THE PROBLEM:
Look below for the line that contains "Great set of" and the line that contains "young woman celebrating", then restate both of them and every line in between, exactly. No picture goes in the copy.
[[ EXTRACTED MATERIAL open ]]
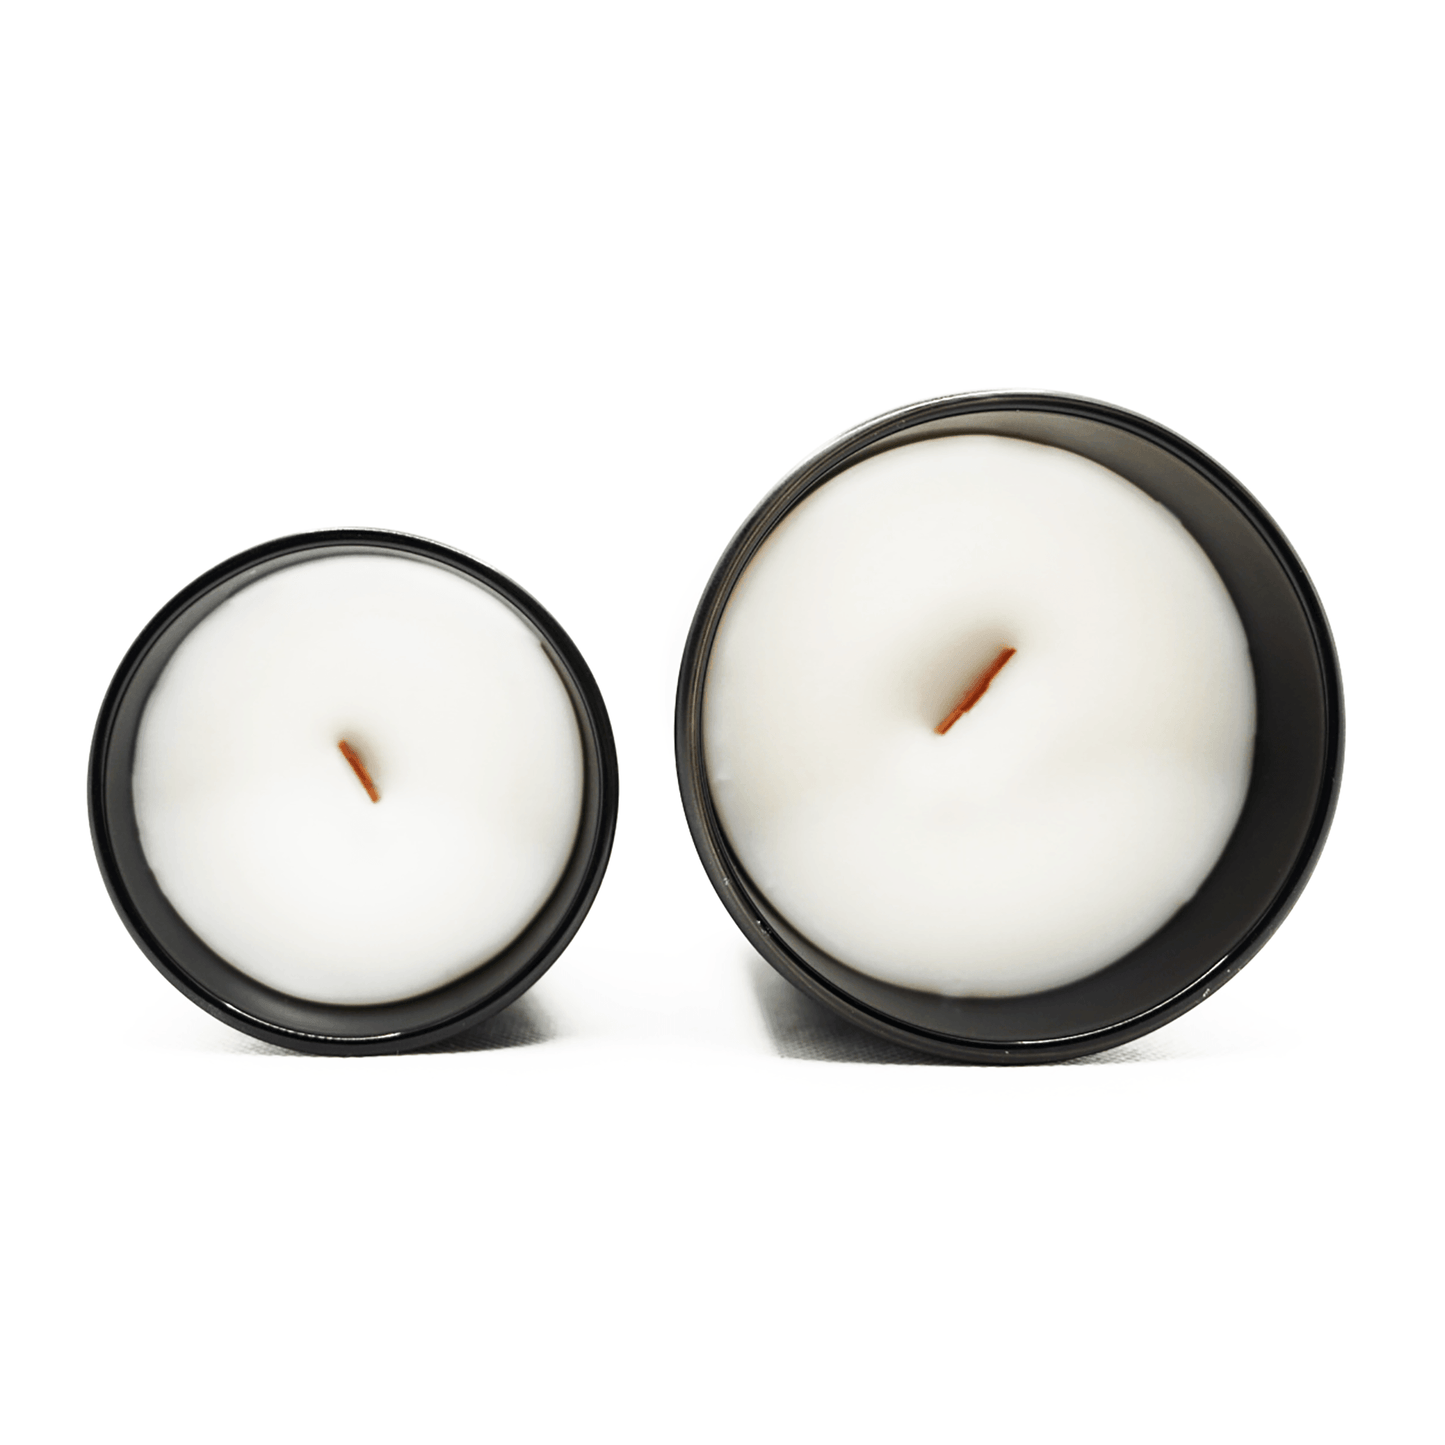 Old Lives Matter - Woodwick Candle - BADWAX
[[ EXTRACTED MATERIAL closed ]]
[[ EXTRACTED MATERIAL open ]]
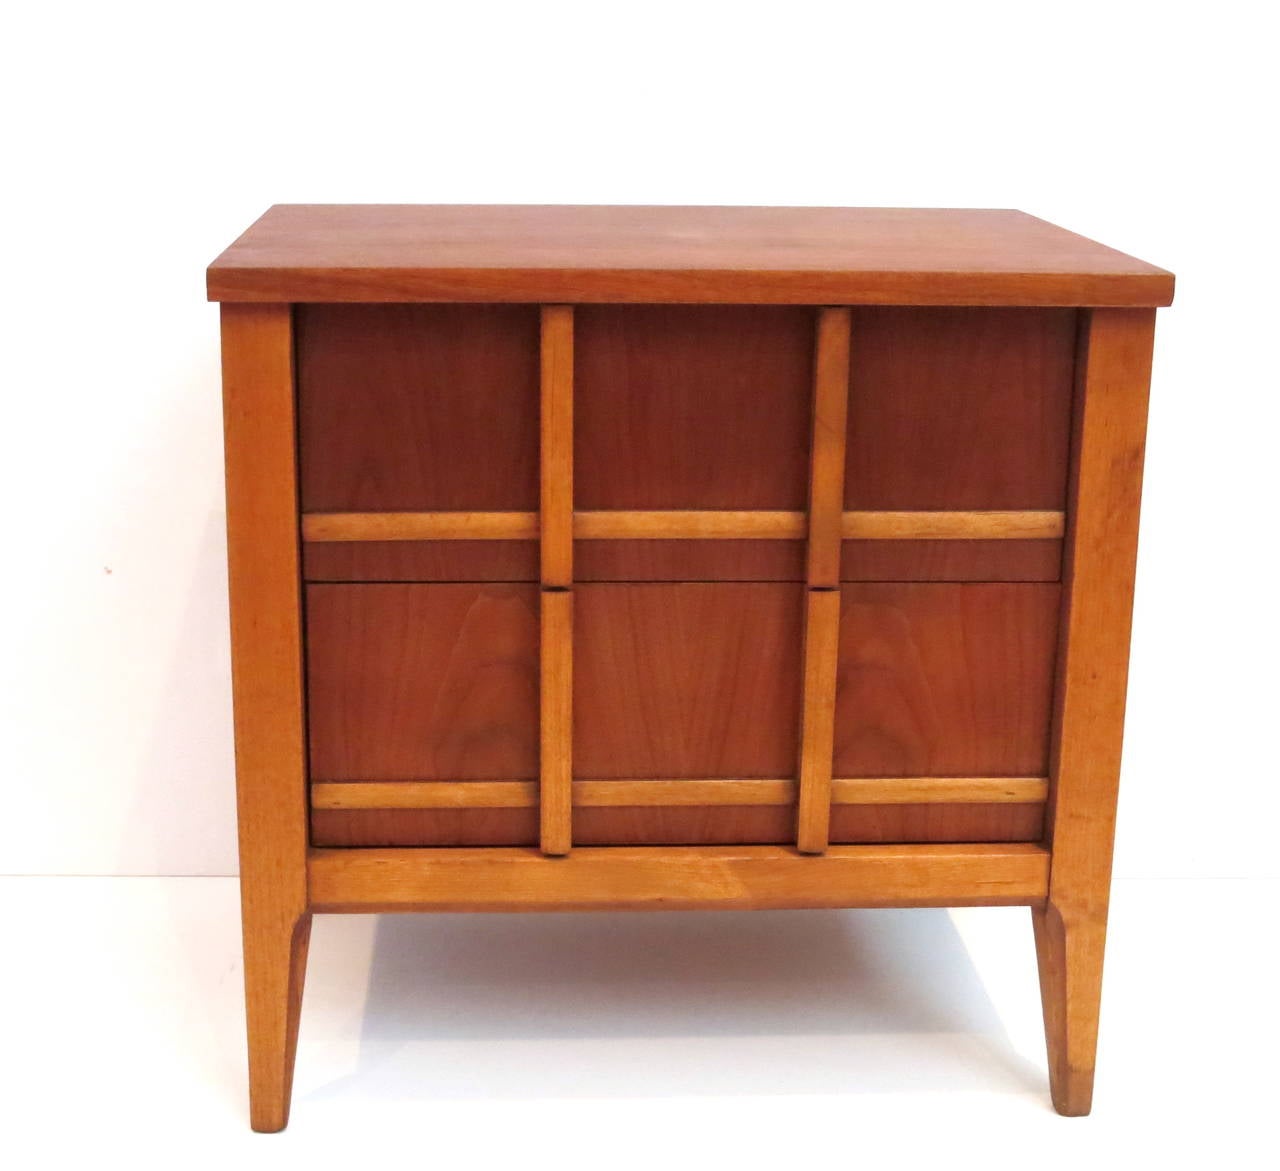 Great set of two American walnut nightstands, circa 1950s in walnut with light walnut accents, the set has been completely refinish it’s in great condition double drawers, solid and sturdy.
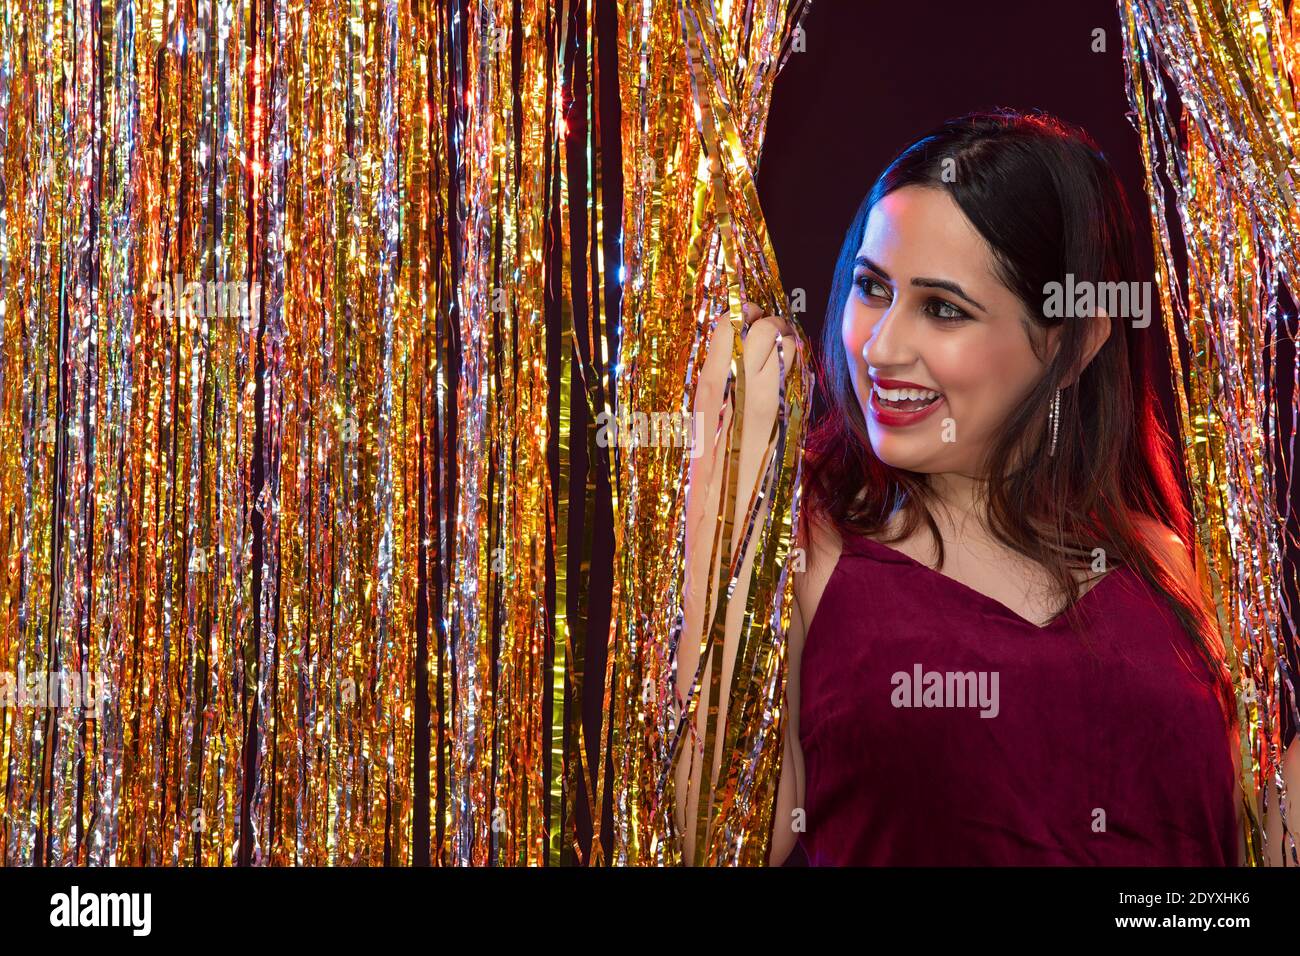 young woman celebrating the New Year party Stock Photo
[[ EXTRACTED MATERIAL closed ]]
SOLUTION FOR THIS TASK:
 Great set of two American walnut nightstands, circa 1950s in walnut with light walnut accents, the set has been completely refinish it’s in great condition double drawers, solid and sturdy.
 young woman celebrating the New Year party Stock Photo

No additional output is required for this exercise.